Décembre a été marqué par un fort ralentissement de la croissance de la consommation

Depuis la fin du mois de novembre, notre Nowcaster qui évalue le rythme de croissance de l’économie mondiale a considérablement diminué, les marchés développés et émergents ayant ralenti. Plus inquiétant, l’indice de diffusion associé à ce Nowcaster, qui mesure l’impulsion de la croissance économique, indique maintenant que plus de 60% des données économiques sont en baisse. Des données aussi médiocres donnent à penser que l’économie mondiale va probablement ralentir davantage. Cette tendance est globale.

Nowcaster de croissance mondiale
Sources: Unigestion, Bloomberg au 17.12.2018.

Pour commencer par l’économie américaine: elle montre un ralentissement important de sa croissance, principalement imputable à la consommation de biens durables qui a fortement diminué au cours des deux dernières semaines. Les secteurs du logement et des financières ont également été un frein, alors que les hausses de taux antérieures de la Fed se répercutent sur l’économie réelle. Il est important de garder à l’esprit que l’économie américaine semble toujours dépasser son potentiel actuel mais la chute abrupte de l’indice de diffusion est préoccupante. Seules les données sur l’emploi s’améliorent, bien que nettement en dessous de celles de fin novembre (aujourd’hui, environ 56% de ces données s’améliorent, contre environ 67% il y a deux semaines).

La situation dans la zone euro est également inquiétante. L’économie européenne est passée d’un niveau de croissance nettement supérieur à son potentiel à un rythme beaucoup plus faible. Dans le même temps, son indice de diffusion a encore diminué et 65% des données se détériorent, ce qui donne à penser que la zone euro devrait bientôt croître sous son potentiel de croissance, déjà relativement faible en comparaison avec les autres économies développées. Plusieurs facteurs expliquent ce ralentissement, entre l’incertitude pesant sur la croissance en Italie, le risque de guerre commerciale, en particulier pour les automobiles européennes, ou le ralentissement concomitant des marchés émergents, en particulier de la Chine. Et nous voyons clairement que la consommation de biens non durables, les prévisions de production et l’emploi ont considérablement ralenti ce mois-ci, se situant désormais à des niveaux compatibles avec une récession. Il n’est donc pas surprenant d’entendre Mario Draghi reconnaître que le curseur de la balance des risques pour la zone euro s’est déplacé pour indiquer un risque de baisse.

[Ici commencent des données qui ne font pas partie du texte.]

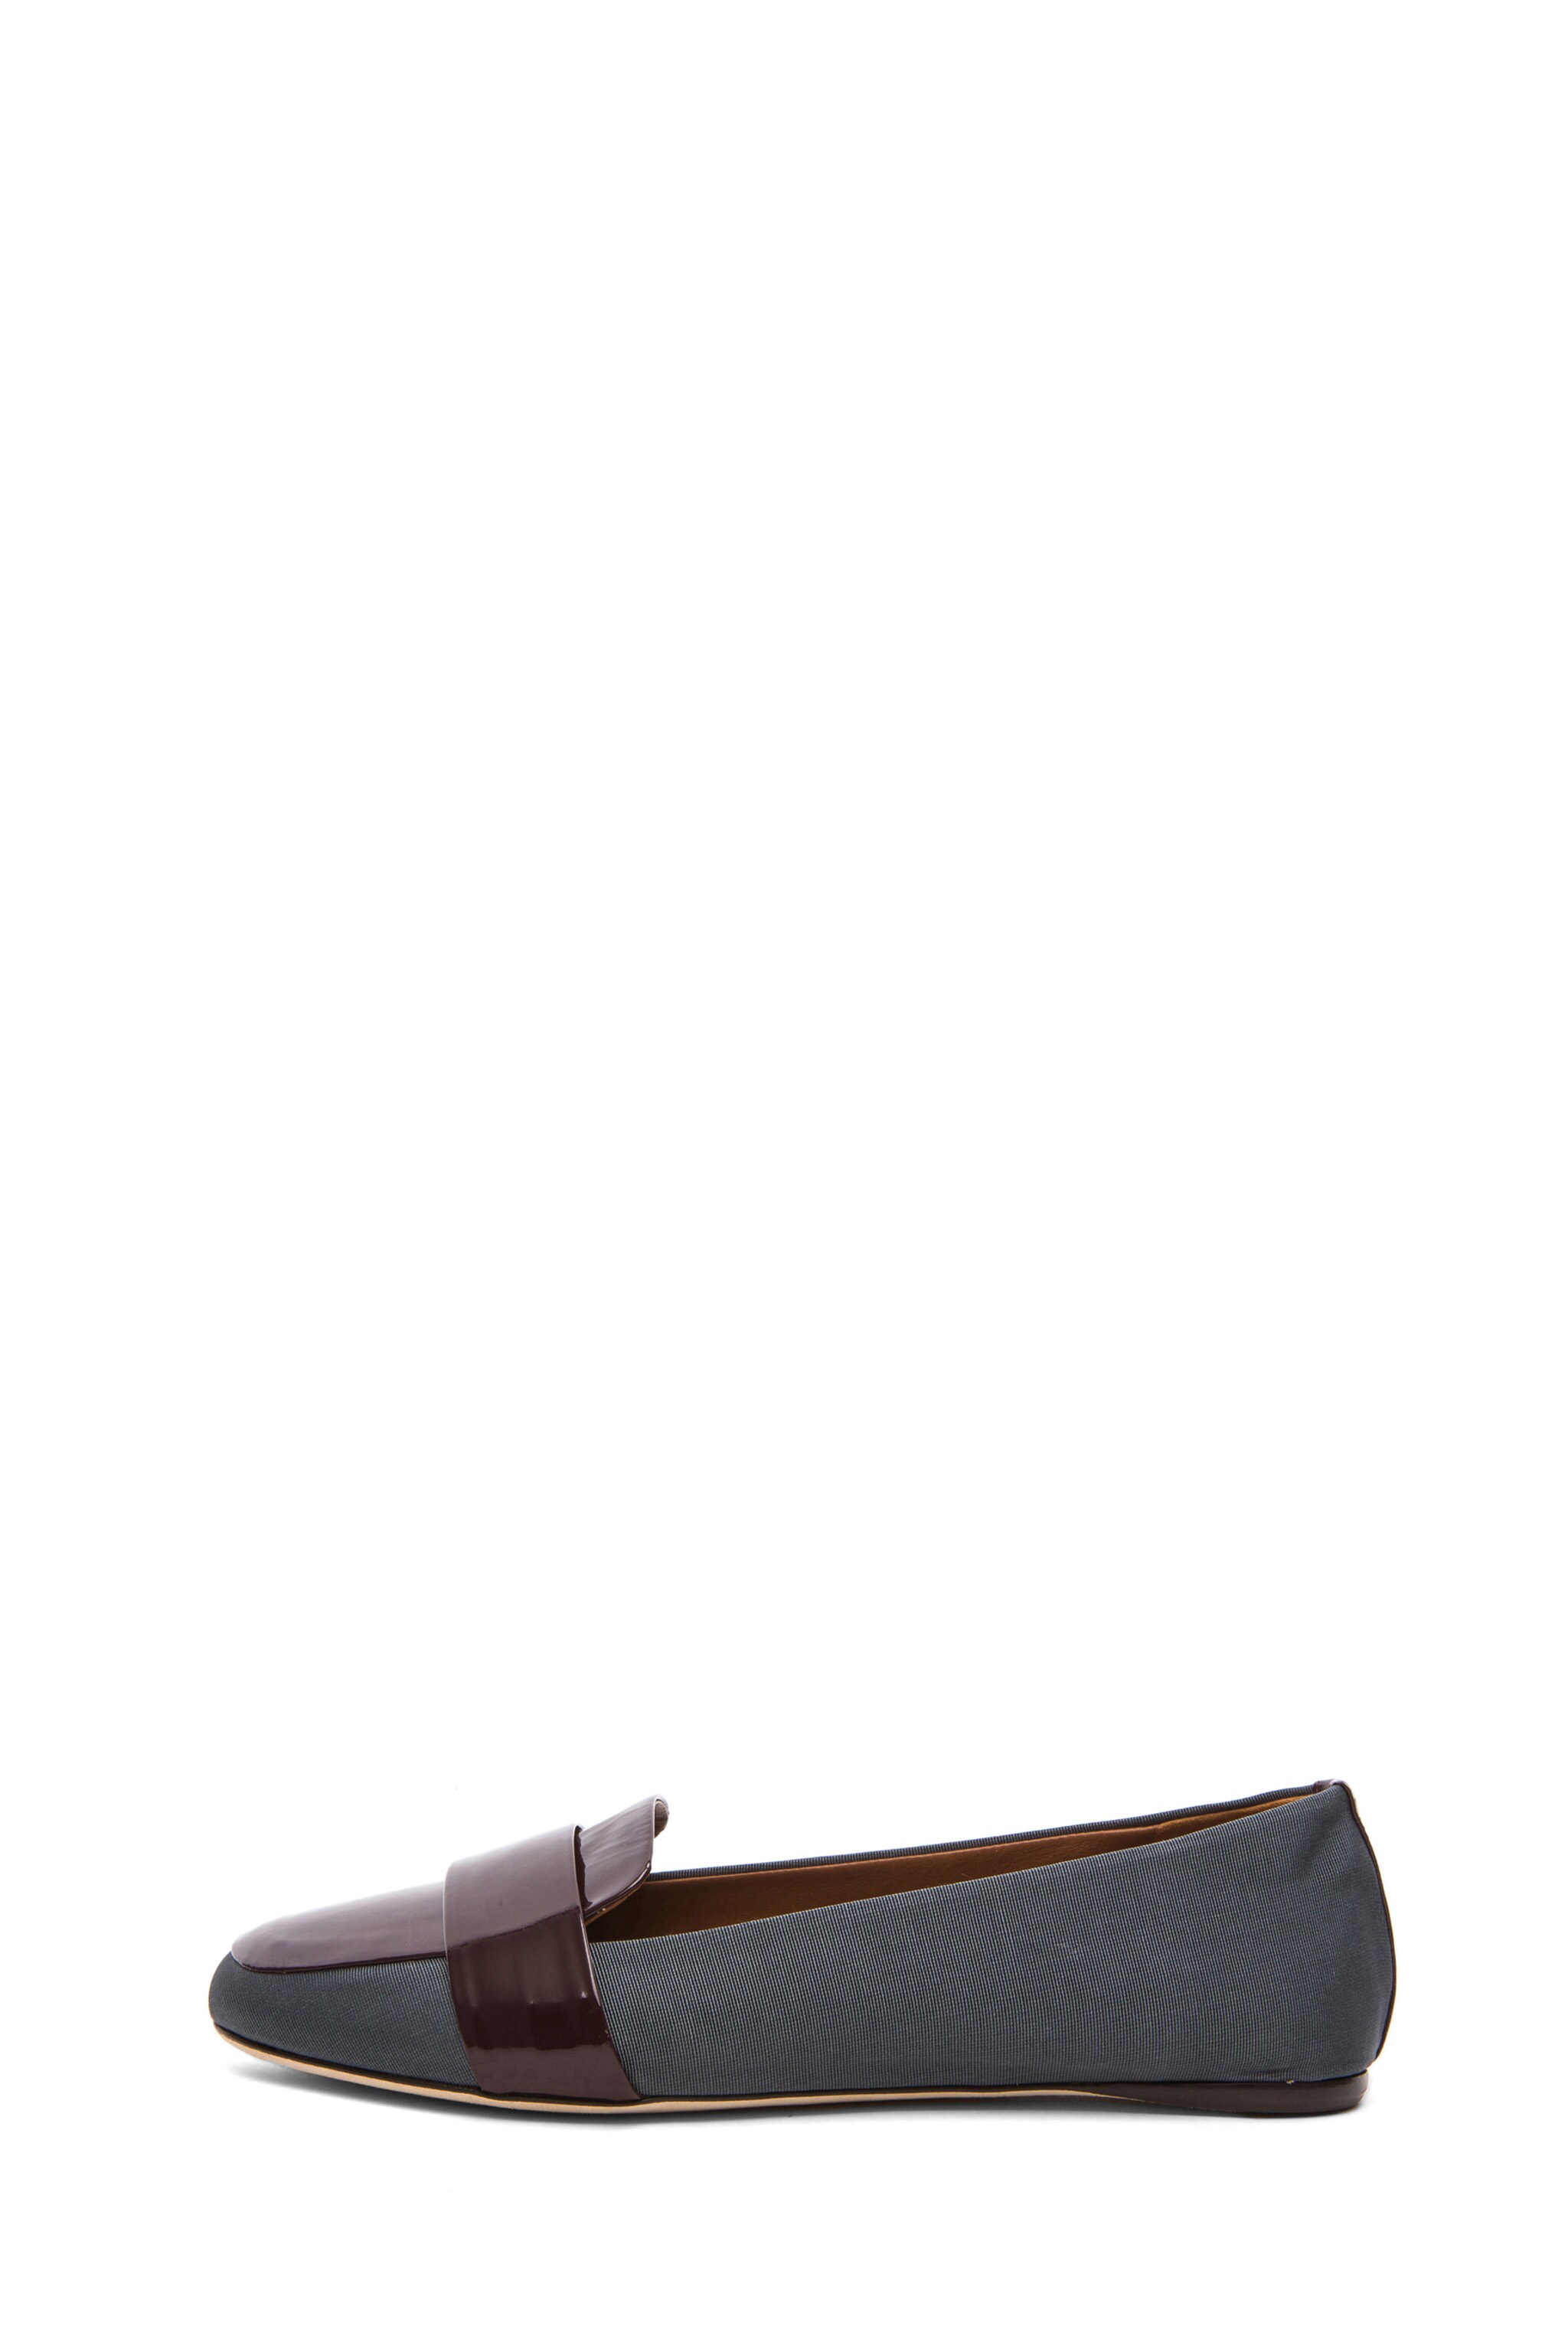 Image 1 of Reed Krakoff Patent Loafers in Grey & Cordovan
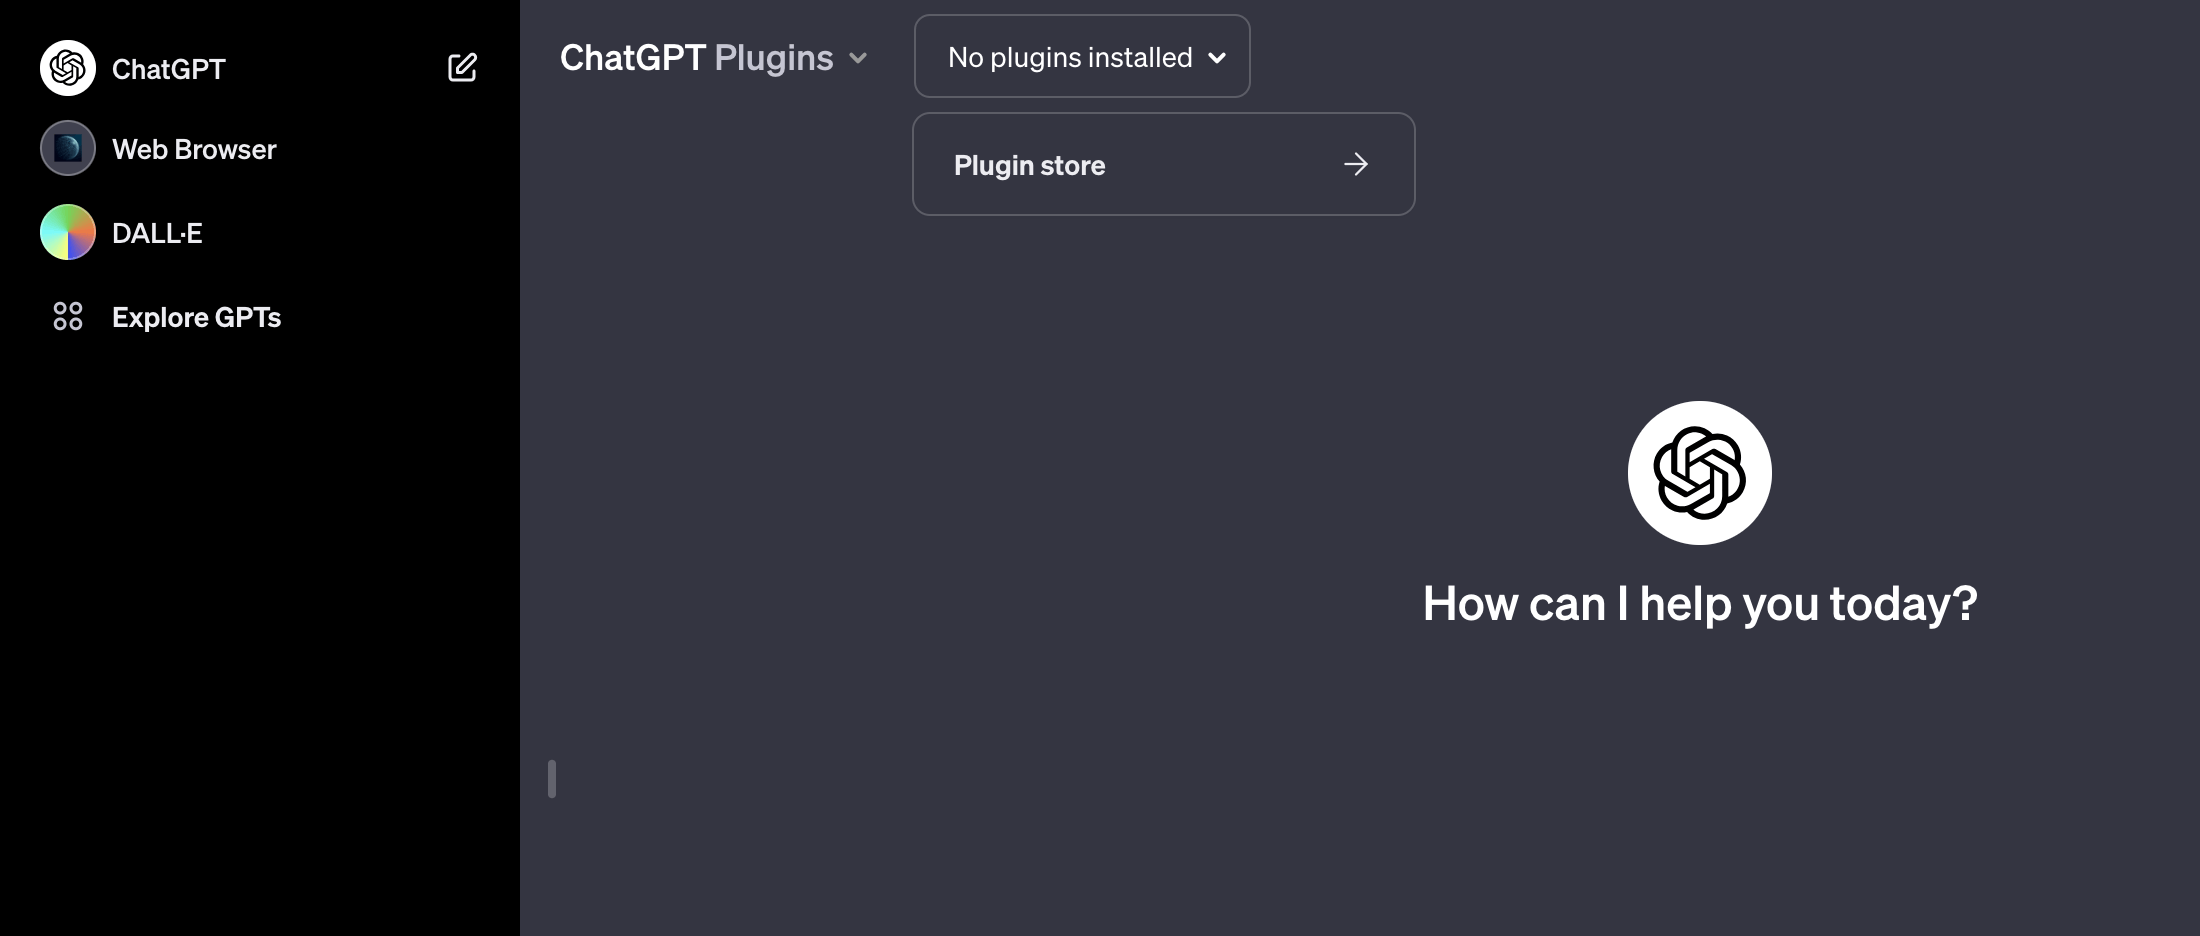 How to install ChatGPT Plugins

Enfin, la croissance en Chine a encore ralenti. Alors que le marché immobilier semble montrer des signes de reprise après les creux qu’il avait connus plus tôt dans l’année, la demande externe et les prévisions de production ont fortement diminué depuis fin novembre. Bien que moins spectaculaire, la croissance de la consommation et de l’emploi a également diminué. Manifestement, la guerre commerciale avec les États-Unis nuit à l’économie chinoise malgré les tentatives des décideurs politiques de neutraliser ses effets. L’indice de diffusion de la croissance chinoise est particulièrement préoccupant car, en l’espace de quelques semaines, il est passé de 60% de données positives à 60% de données en recul.

Le biais défensif est justifié

Nowcaster d’inflation mondiale
Sources: Unigestion, Bloomberg au 17.12.2018.

La dégradation des fondamentaux macroéconomiques s’ajoute à d’autres risques – erreur de politique monétaire, guerre commerciale et incertitude politique pour n’en nommer que quelques-uns – et plaide en faveur d’une allocation défensive. Il est également essentiel de trouver des couvertures efficaces dans ce contexte car les obligations ont clairement démontré leur capacité réduite de protection lors de baisse importante des marchés actions. Les expositions de change tactiques via le dollar américain peuvent entre autres jouer un rôle crucial à cet égard.